[Exercise goal]:
In the entries below, begin at the line that has "Cartier Giraffe brooch" and stop after the line that has "The giraffe is"; output those lines exactly, leaving out pictures.
#### Dataset entries ####
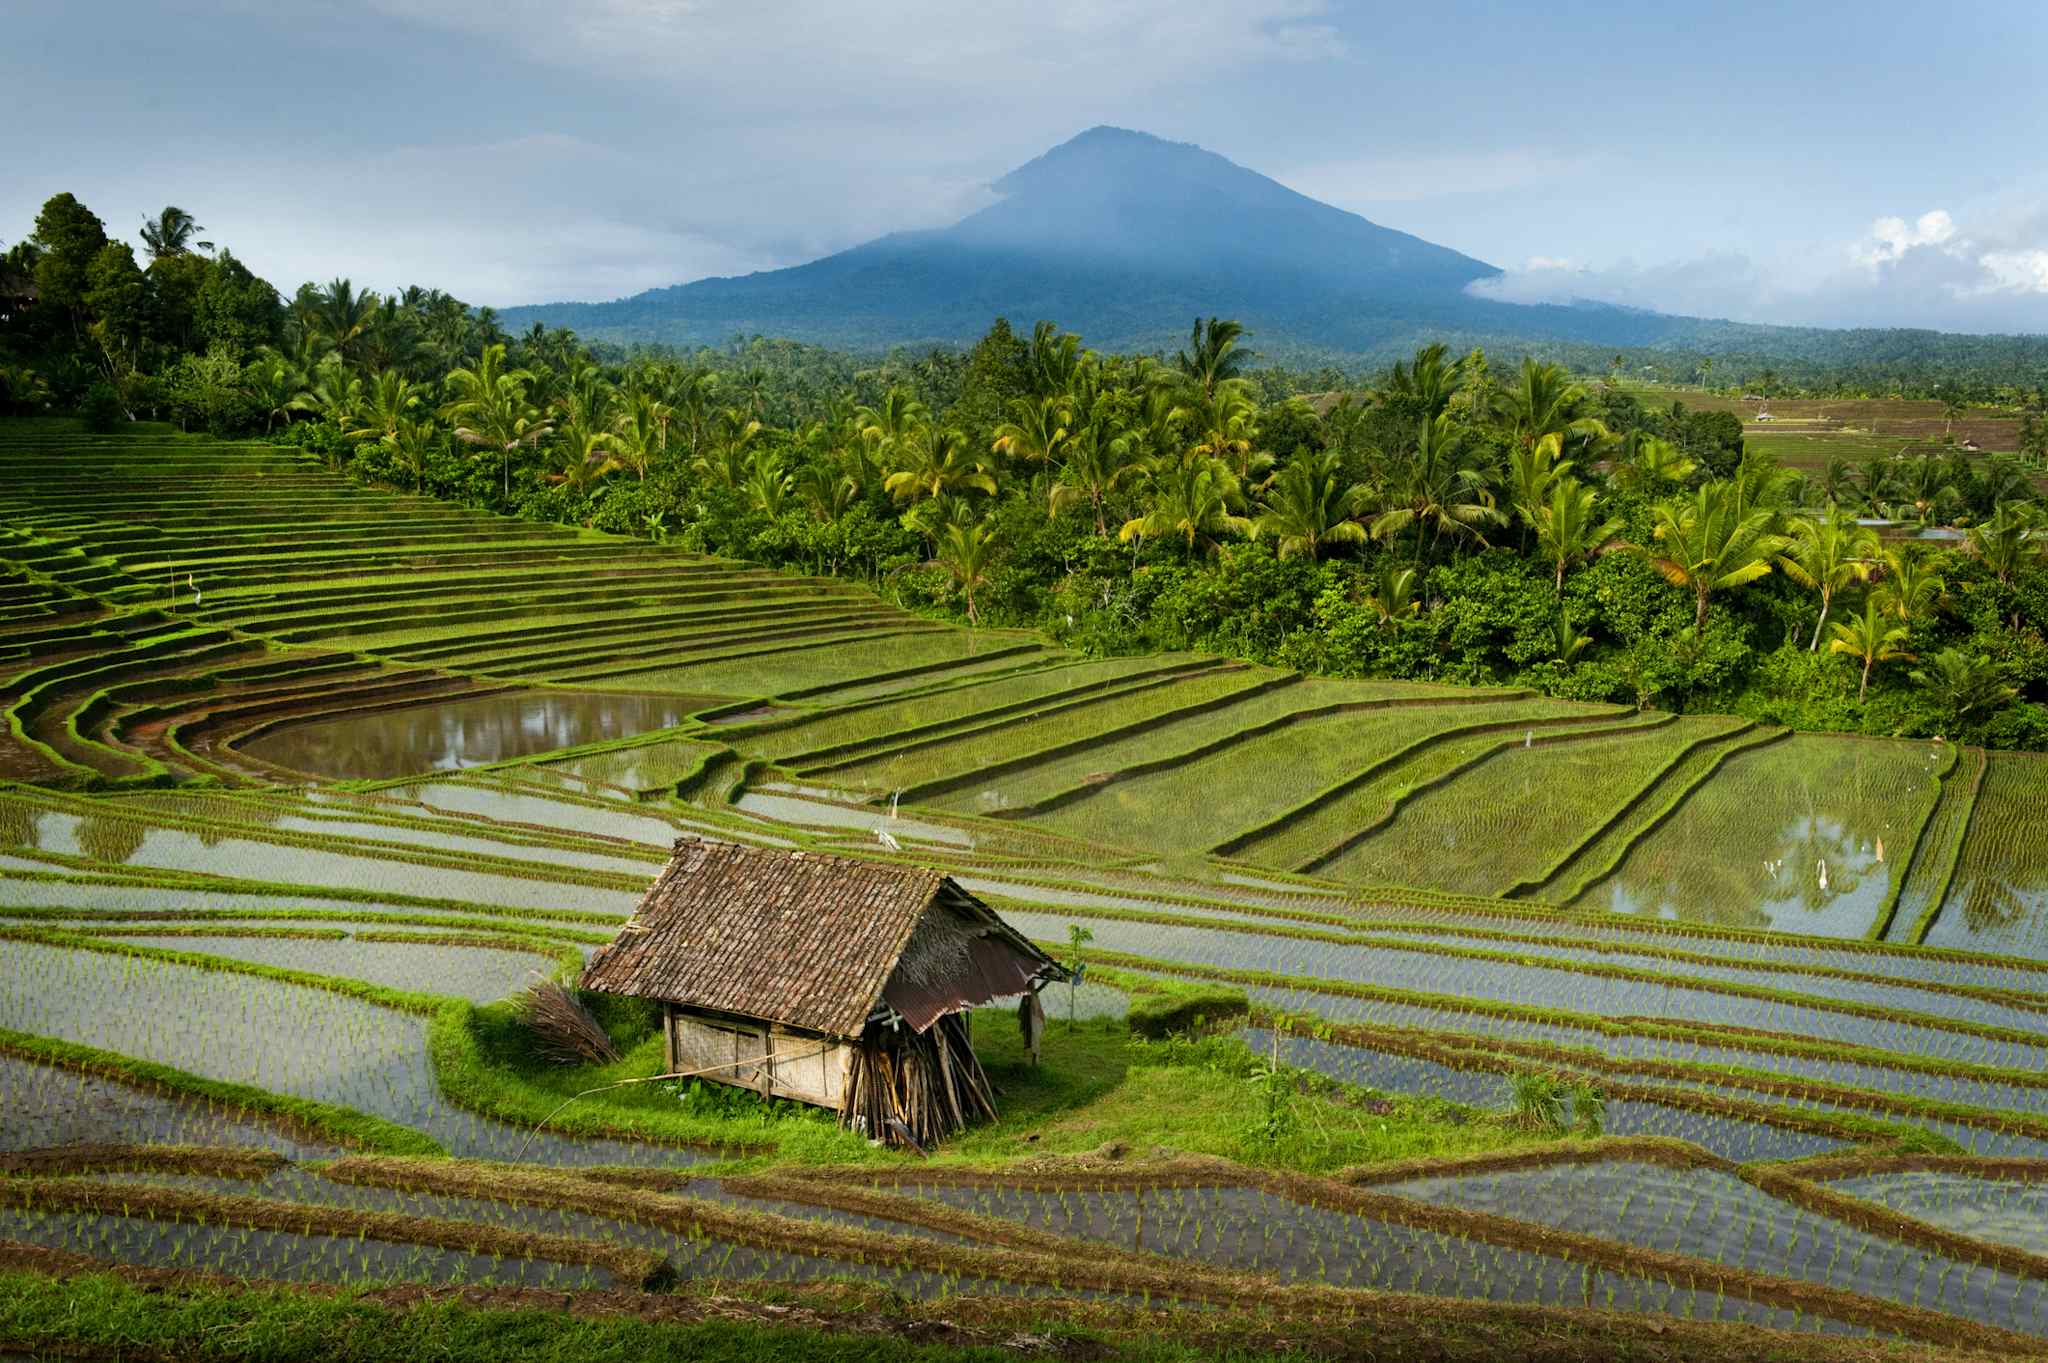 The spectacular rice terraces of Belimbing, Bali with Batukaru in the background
####
#### Dataset entries ####
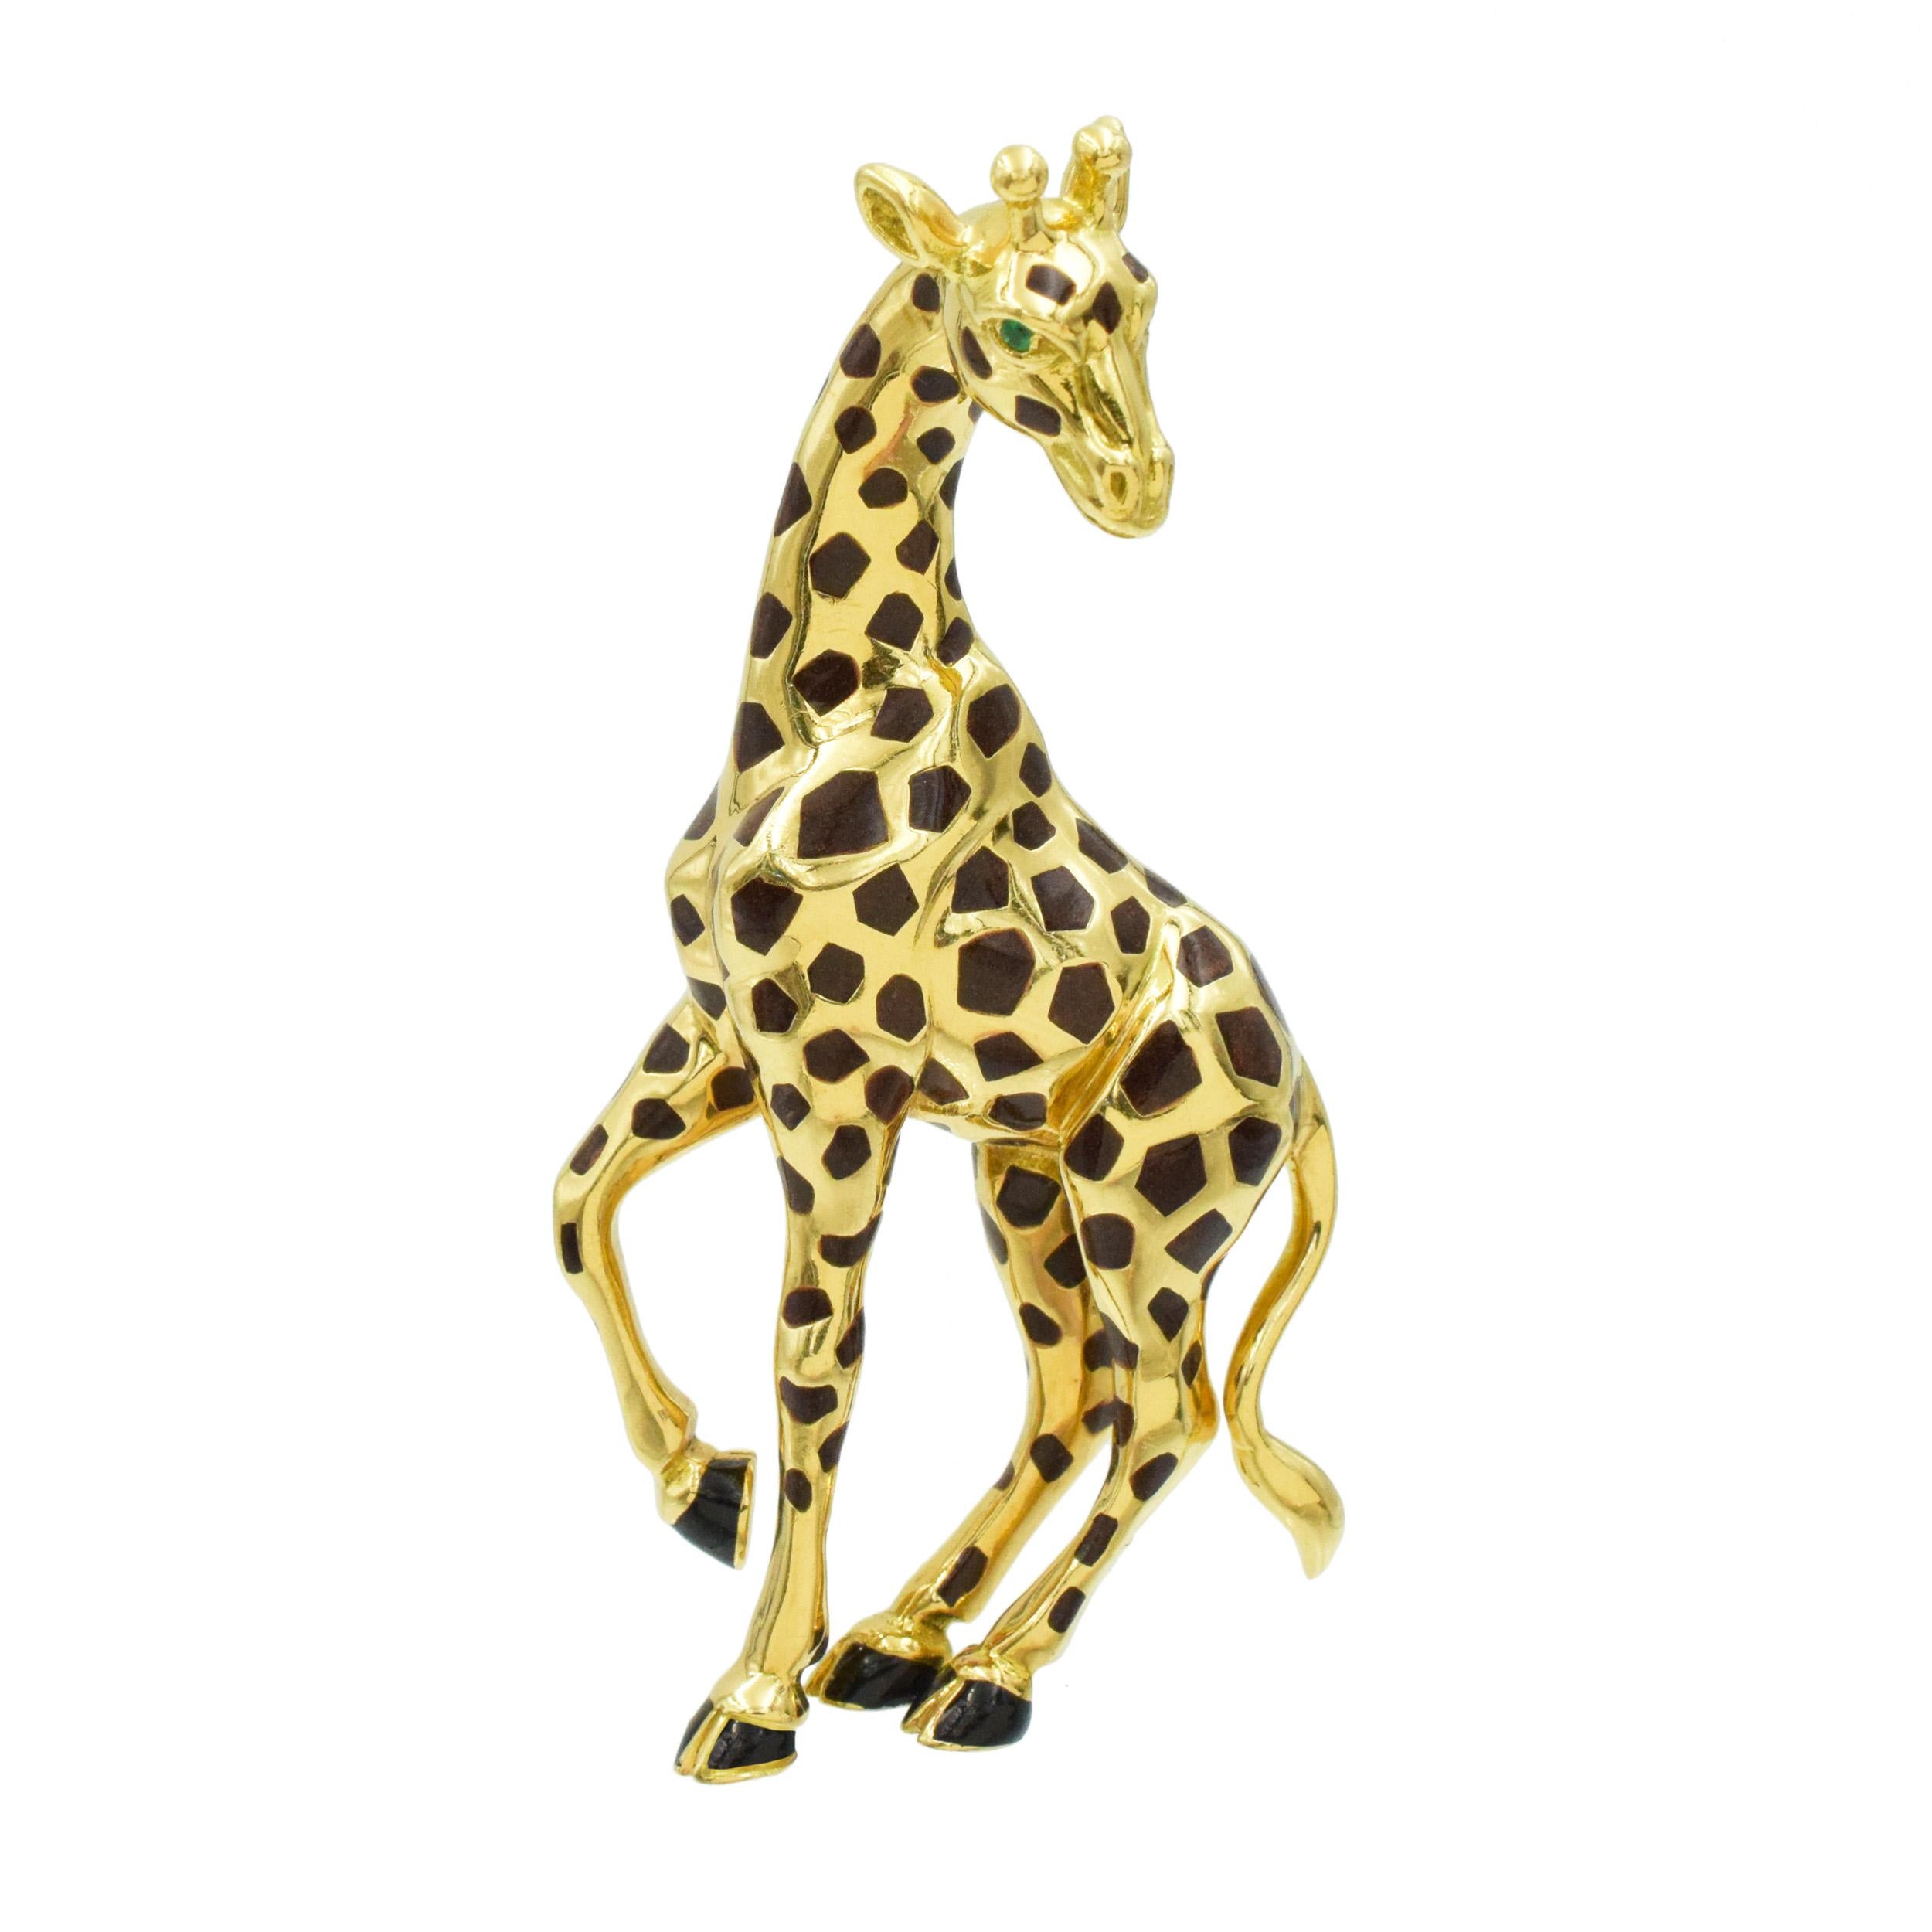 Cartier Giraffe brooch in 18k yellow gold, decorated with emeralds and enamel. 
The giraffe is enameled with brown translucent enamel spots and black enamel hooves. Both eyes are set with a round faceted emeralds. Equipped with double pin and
####
[Answer to the problem]:
 Cartier Giraffe brooch in 18k yellow gold, decorated with emeralds and enamel. 
The giraffe is enameled with brown translucent enamel spots and black enamel hooves. Both eyes are set with a round faceted emeralds. Equipped with double pin and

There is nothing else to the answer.